В одном из интервью пять лет назад вы говорили, что развитие творческих индустрий невозможно без поддержки и участия местных властей. С тех пор что-то изменилось? У сегодняшней власти творческие индустрии явно не в приоритете, а пермская ситуация, как мы уже говорили, и вовсе развивается не «при поддержке», а «вопреки».

— Надо сказать, что я не уверен, что власти и тогда [в 2008-2012 гг.] до конца понимали, что такое творческие индустрии и зачем они нужны. Не уверен, что гельмановский проект полагал эту линию серьёзным приоритетом. Он был построен на другом, там преобладало современное искусство, на нём он был сфокусирован. А творческие индустрии — это вообще-то другое дело. Это связанные вещи, потому что для каждой из них нужна достаточно плотная среда — в первую очередь люди. Но творческие индустрии — это отдельный и очень большой разговор. Творческие индустрии — это вообще про экономику.

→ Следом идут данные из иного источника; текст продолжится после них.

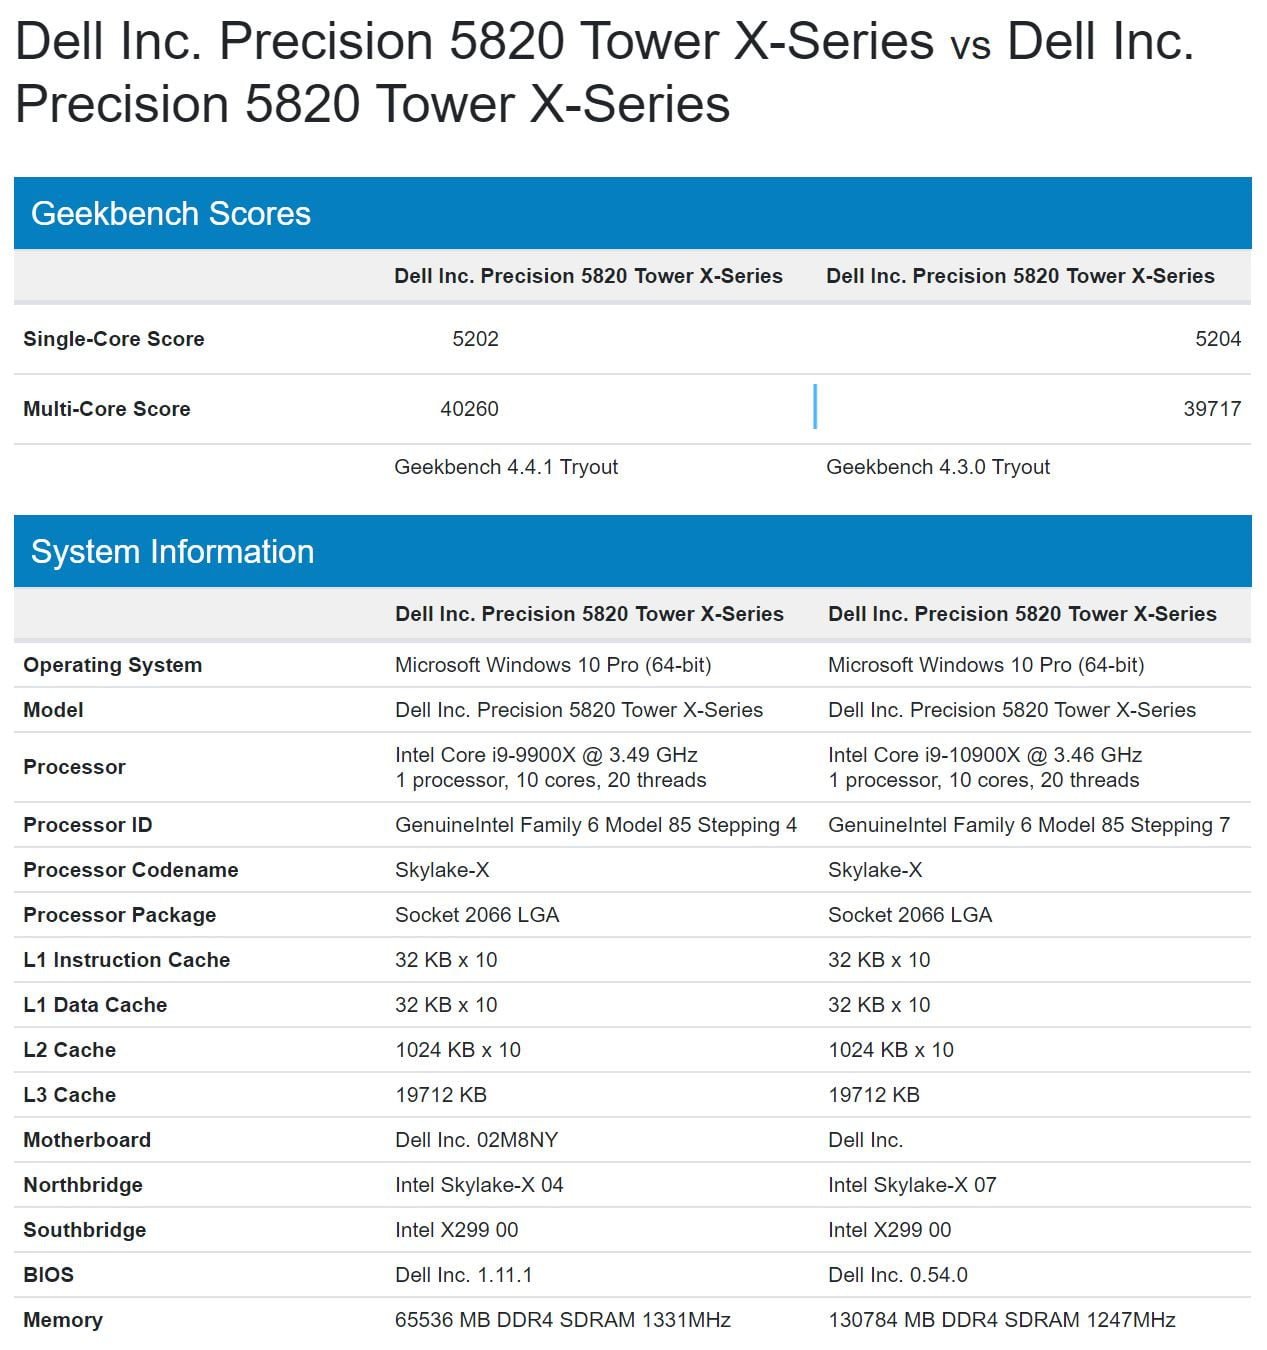 پردازنده‌های Cascade Lake X حداقل 10 هسته خواهند داشت؛ بنچمارک Core i9 10900X

Но всё же и период «культурного проекта», и нынешняя фестивальная активность — всё это способы поиска ответов на вопросы о том, как существовать в современных российских реалиях. О том, как и куда двигаться дальше. Вопросы поставлены, а к ответу кто-либо приблизился?

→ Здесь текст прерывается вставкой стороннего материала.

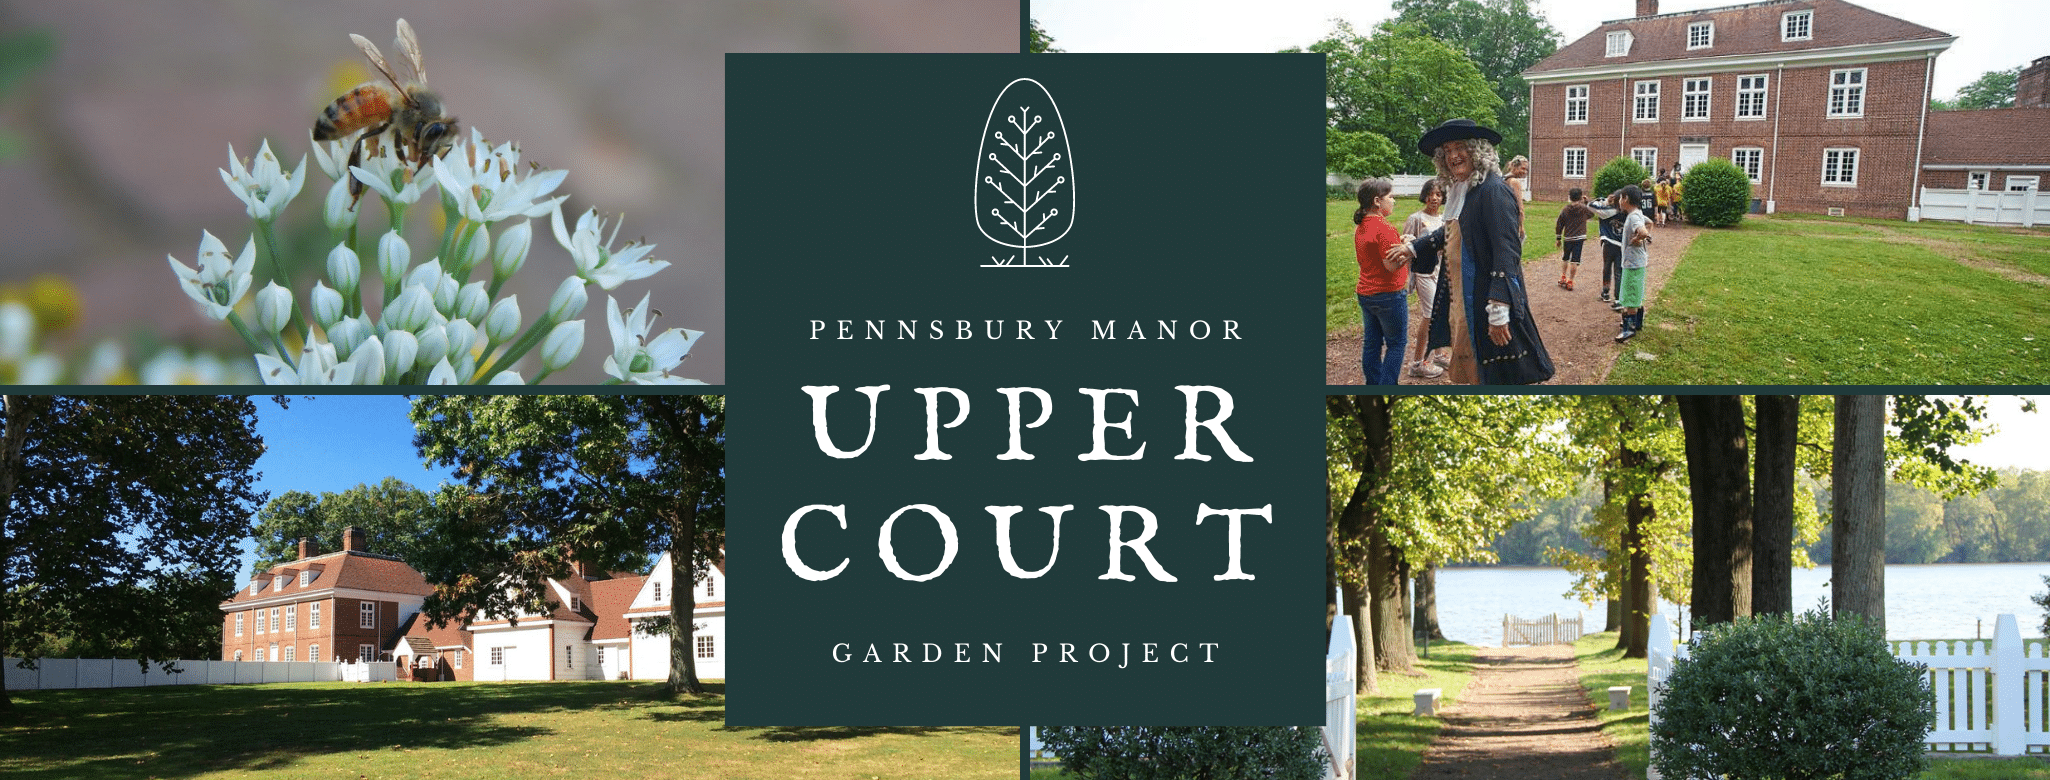 Pennsbury Manor | Upper Court Garden Project

— На мой взгляд, все эти разговоры объединяет одно: они всё про модернизацию. Про то, как нам жить в современном обществе с учётом всех обстоятельств современной жизни. Мы все пытаемся найти этот путь в современность. Кто-то через искусство, кто-то через экономику, кто-то — через гражданские и политические вопросы. В этом смысле все эти разговоры об одном — как не жить химерами конца XIX века. То же самое с музеями. У нас в голове всё ещё существует образ музея конца именно XIX века. Если мы говорим про исторические музеи, то они ведь служили целям строительства национального государства. Такой музей рассказывал историю такого национального государства и во многом выдумывал эту историю и очищал её от всяких ненужных наслоений, который цементировал нацию, чтобы вокруг этого стержня формировалась национальная идентичность. К сожалению, наша сегодняшняя государственная политика устроена тем же образом — нам опять предлагают жить именно по такой модели. Притом что стоит только взглянуть на всю историю XX века. Если из неё и можно делать какой-то вывод, то в первую очередь это вывод о крахе любого и всякого национализма. Я читал книги по истории — про период до первой мировой войны, про период между двумя мировыми войнами. Меня поразило, насколько во всех европейских государствах была сильная националистическая идея. Гитлер и всё вот это выросло на очень понятной почве. Все страны тогда мыслили в таких терминах. Взять, например, англичан — сегодня нам кажется, что они такие толерантные. А когда речь шла о возможной войне с Германией и о вопросе интернирования лиц немецкого происхождения, то все государственные решения, все решения и все обсуждения были объединены националистической терминологией. Если ты немец по крови — значит, тебя надо запереть в лагерь (а у них тоже были лагеря) и в первую, и во вторую мировую войну. Ведь если ты немец по крови, эта кровь в тебе бурлит и ты враг. И это важнее того, чей ты гражданин и какой у тебя паспорт. Это убеждение о генетической запрограммированности наций — насколько оно было сильно в первой половине XX века! Две мировые войны буквально вышли из этой идеологии. Воевали там не политические системы, а немцы, французы, англичане, русские…

Фото:Иван Козлов

Обратите внимание — начиная с конца XX века отделившиеся от Советского Союза государства нашли другую форму. Они создают музеи и называют их, например, «Музей советской оккупации». В начале XX века, конечно, сказали бы «Музей русской оккупации». Ну и, конечно, весь опыт Холокоста — после него невозможно продолжать муссирование национальной идеи как главной идеи, цементирующей общество. Если Холокост и был для чего-то, то именно для того, чтобы раз и навсегда покончить с определёнными идеями.

При этом именно вопрос поиска цементирующей национальной идеи в России считается как никогда острым.

— Да, определённо — и это весьма странный возврат к очень странным идеям, которые себя давно дискредитировали. Это идеи, из-за которых люди воевали, гибли и проливали кровь, и, если мы снова возвращаемся к этим представлениям, значит, все ужасы двадцатого века прошли зря.